A proposta de trazer as relações de siglas e conceitos aparentemente vinculados ao mundo corporativo e contextualizar no mundo da Educação, é reforçar que tanto a gestão escolar quanto o processo de aprendizagem precisam estar conectados com grandes metas globais, que somente farão sentido com atitudes locais.
Você, dirigente escolar, já fez um breve diagnóstico ligado às questões de governança? Há transparência nas decisões administrativas? Há uma política de compliance?
E no que diz respeito ao impacto ambiental da instituição que conduz? Como ocorre o descarte de resíduos e como são monitoradas (ou substituídas) as fontes de energia? Quais são as práticas sustentáveis dos fornecedores da sua escola?
A relação com as pessoas contratadas, sejam para o corpo docente e ou equipes administrativas, está amparada em amostragens, por exemplo, como o Censo Brasileiro para sua cidade? A relação com as famílias dos(as) estudantes – de pagamento integral ou bolsistas – e a comunidade do entorno é aberta, permanente e sadia?
Você percebe que, a partir de um olhar ESG para o ambiente e práticas da escola é possível relacionar as questões pedagógicas de maneira coerente e consistente? Os documentos que embasam a Educação no Brasil estão disponíveis e trazem nitidamente o que deve ser feito. A questão é vê-los com atenção e fazê-los impulsionar práticas que extrapolam o ambiente da sala de aula e produzem sentido na vida cotidiana.

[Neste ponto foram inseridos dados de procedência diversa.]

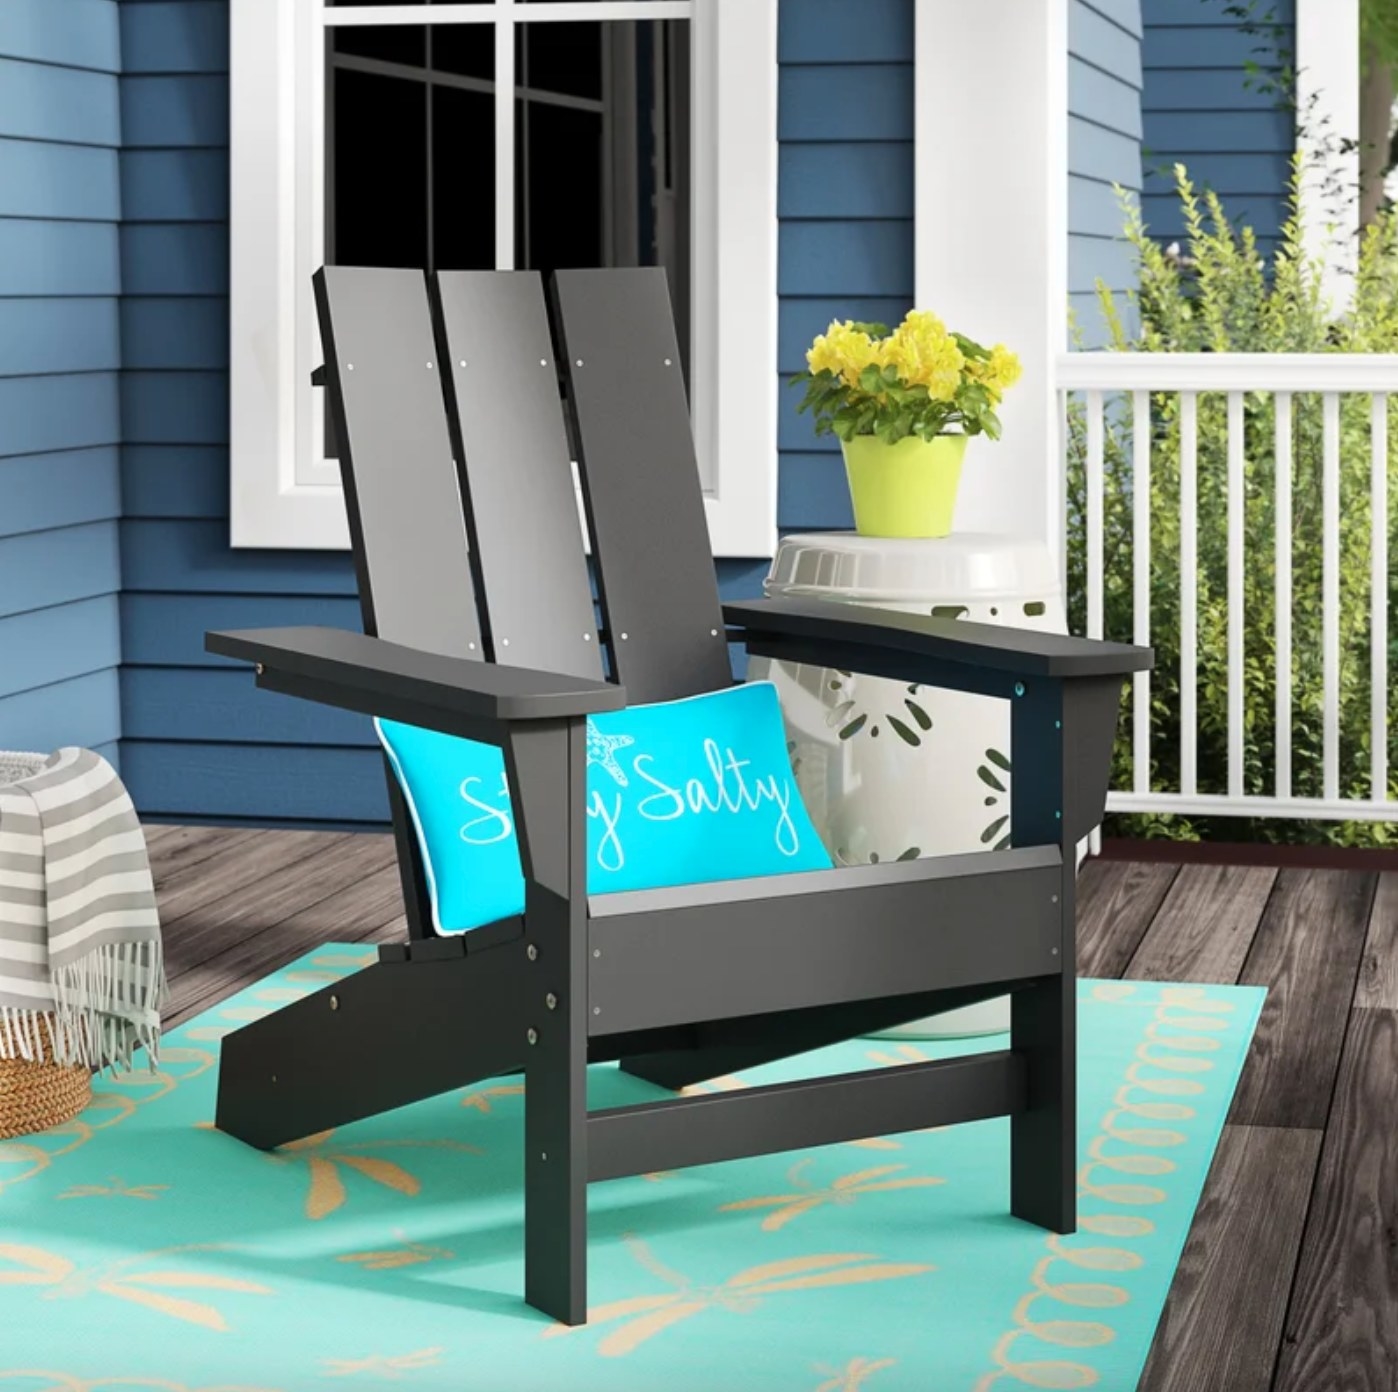 the Adirondack chair in black

Por hábito, procuro relacionar minhas ações e entregas profissionais aos Objetivos para o Desenvolvimento Sustentável. Representa um exercício diário de ver como o que eu (re)penso, leio, ouço ou realizo pode dialogar com algo maior do que o “meu mundinho”.
Concluo trazendo, dentro da perspectiva da Diversidade, Equidade e Inclusão, que é um dos segmentos umbilicalmente ligados ao ESG e aos ODS, que não basta termos uma rampa para cadeirantes com a inclinação recomendada pela Norma da ABNT se não virmos, na pessoa que usa a cadeira de rodas, as capacidades que ela tem a oferecer.
É infrutífero postar um vídeo ou card nas redes sociais exaltando o Dia Internacional da Mulher e a Semana da Consciência Negra se não houver, na biblioteca da escola, um amplo acervo que valorize mulheres e pessoas negras, ou ainda, uma política institucional que seja sensível e corretiva sobre a posição desses dois públicos nos cargos atuais e nas novas contratações.
Ainda nessa reflexão, não fará sentido falar de energias renováveis em sala de aula se a escola nunca fez um estudo para instalar módulos solares ou, simplesmente, não separa os resíduos em lixeiras específicas no pátio, dando o destino correto (e sabendo qual é esse destino).
São várias as ações possíveis mas, mais que planejar orçamento (sim, ele segue indispensável), é necessário intencionalidade e disposição em rever conceitos e comportamentos como forma de aprimorar práticas por um mundo melhor, a partir das crianças, dos jovens, das famílias e das pessoas educadoras. Não é retórica. É ação.